THE MARQUESS OF WESTMEATH

said, he believed that so long as there was a Protestant Institution in Ireland the Roman Catholic clergy would never let the Protestant religion exist in quiet. Let not the Government "lay the flattering unction to their souls" that this concession would give religious peace in Ireland. He did not think that the Roman Catholic laity had those feelings of hostility towards the Protestant Church. If they were let alone this kind of religious dissension would not continue. The Roman Catholic clergy would talk against the Church as long as they were permitted, and until they were able to strike it effectually, which they would not fail to do.

VISCOUNT DUNGANNON

said, he could not agree in the principle of withdrawing any further opposition to this measure. He thought it was a bad measure, and that it ought to be opposed to the last. It appeared to him to be an extraordinary way of displaying a friendly feeling towards the Church to take away one of its supports in Ireland. It was admitted on all hands that the Ecclesiastical Commissioners had not sufficient funds to supply the deficiency that would be occasioned by the abolition of ministers' money. He thought of all dangerous precedents ever established this was one. He thought that this was the most glaring of all acts of injustice. Of all the outrageous acts of spoliation committed against the Established Church in his opinion this was the most flagrant. He regretted exceedingly that the noble Earl with whom it was his pride generally to act had withdrawn all further opposition to the measure. He confessed he was at a loss to understand the reason why he had adopted that course. He viewed this Bill as the first step in the downward movement, which would be followed by the most disastrous consequences to the Established Church in Ireland. The Government were establishing a precedent which he thought was fraught with mischief and glaring injustice.

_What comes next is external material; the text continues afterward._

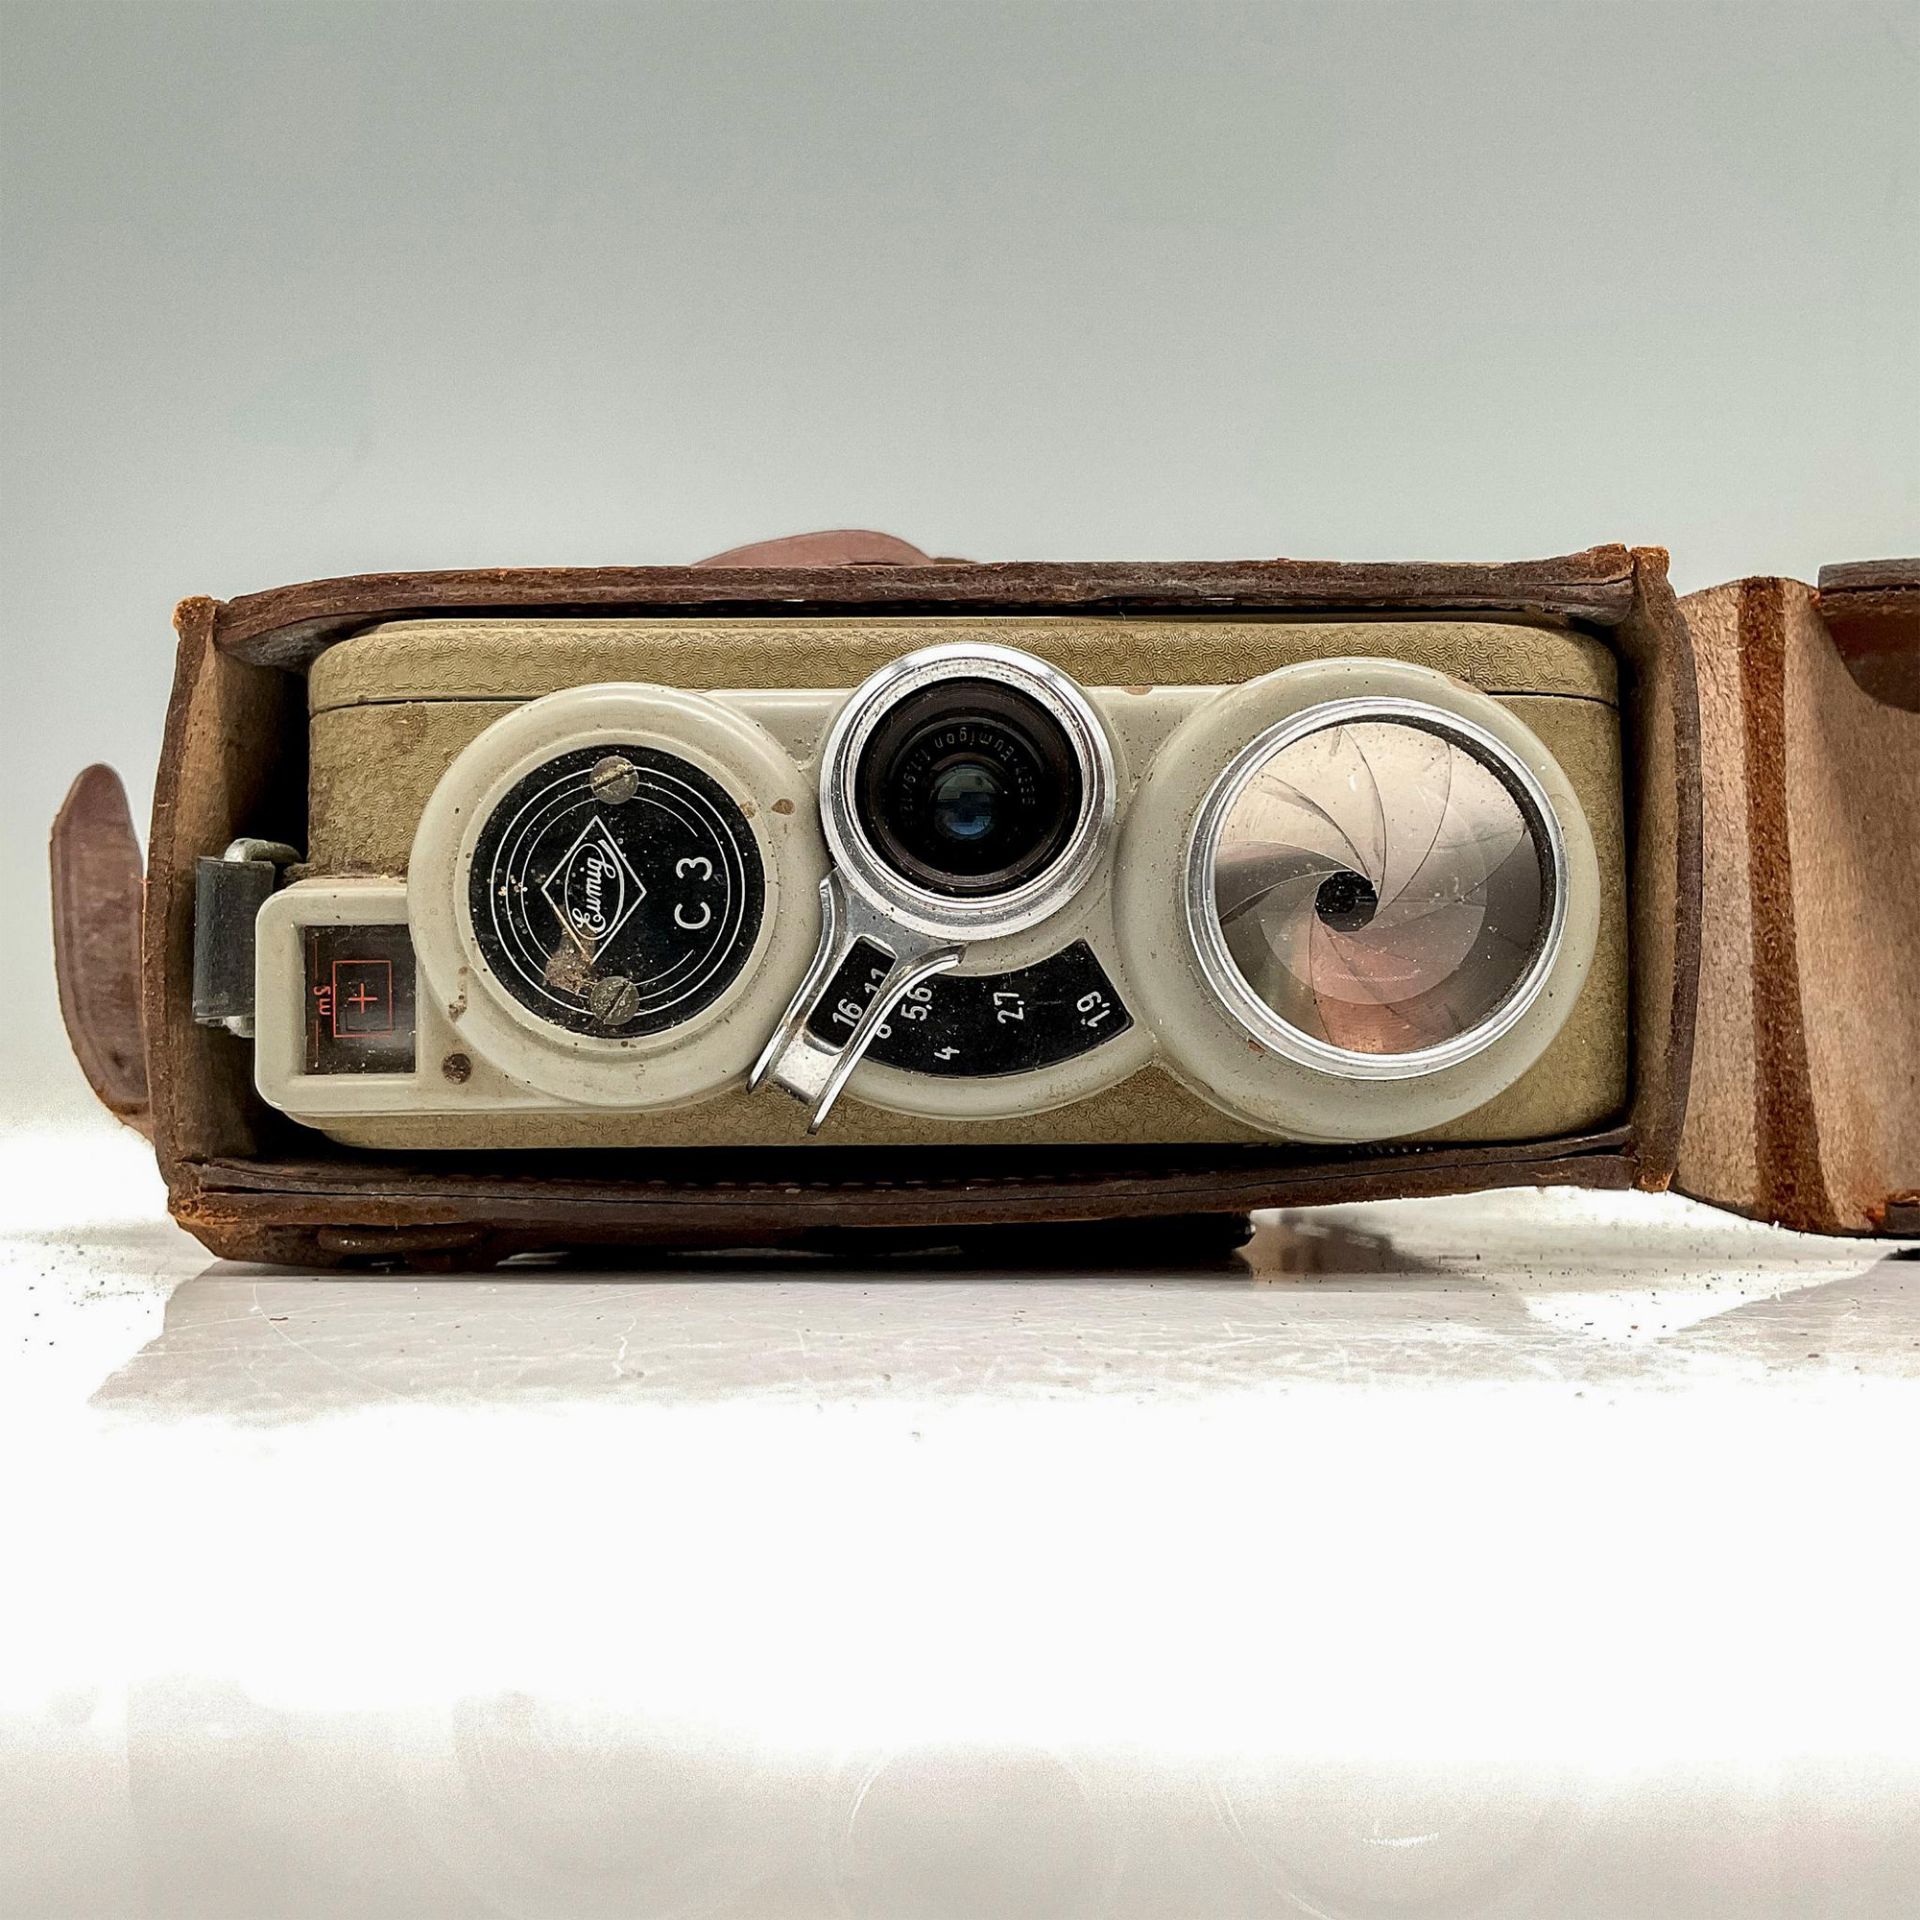 Eumig C3 8mm Cine Camera with Original Leather Case - Image 5 of 9

On Question, Resolved in the Negative.

THE EARL OF ELLENBOROUGH

said, he had placed an Amendment before Her Majesty's Ministers. He was not disposed to detain their Lordships by urging arguments in support of it. He would leave it in the hands of the Government to do what they liked with it.

EARL GRANVILLE

said, the Bill did not deal with the re-organization of the Ecclesiastical Commission, and, therefore, he did not think that that was a proper time to discuss the Amendment of the noble Earl. The Government would, however, be willing to take the Amendments generally into consideration, with a view of shaping some measure to effect the object they had in view.

THE EARL OF WICKLOW

thought, under those circumstances, it would be much better to postpone the further progress of the measure until the Amendments were considered.

EARL GRANVILLE

said, he was of opinion that no advantage could result from the postponement of the Bill. The Government were prepared to give due consideration to the Amendments which had been suggested, and he felt assured that in adopting that course they would have the full co-operation of the Ecclesiastical Commissioners themselves.

THE BISHOP OF KILMORE

said, that he should be sorry that the passing of the Bill should lead to an agitation upon the clergy of the Established Church against the Maynooth grant, by way of reprisal for the abolition of ministers' money. The adoption of such a course would, in his opinion, be unworthy of their sacred calling.

Original Motion agreed to; House in Committee accordingly; Bill reported, without Amendment; and to be read 3a on Friday next.

House adjourned at a Quarter past Nine o'clock, till To-morrow, Half-past Ten o'clock.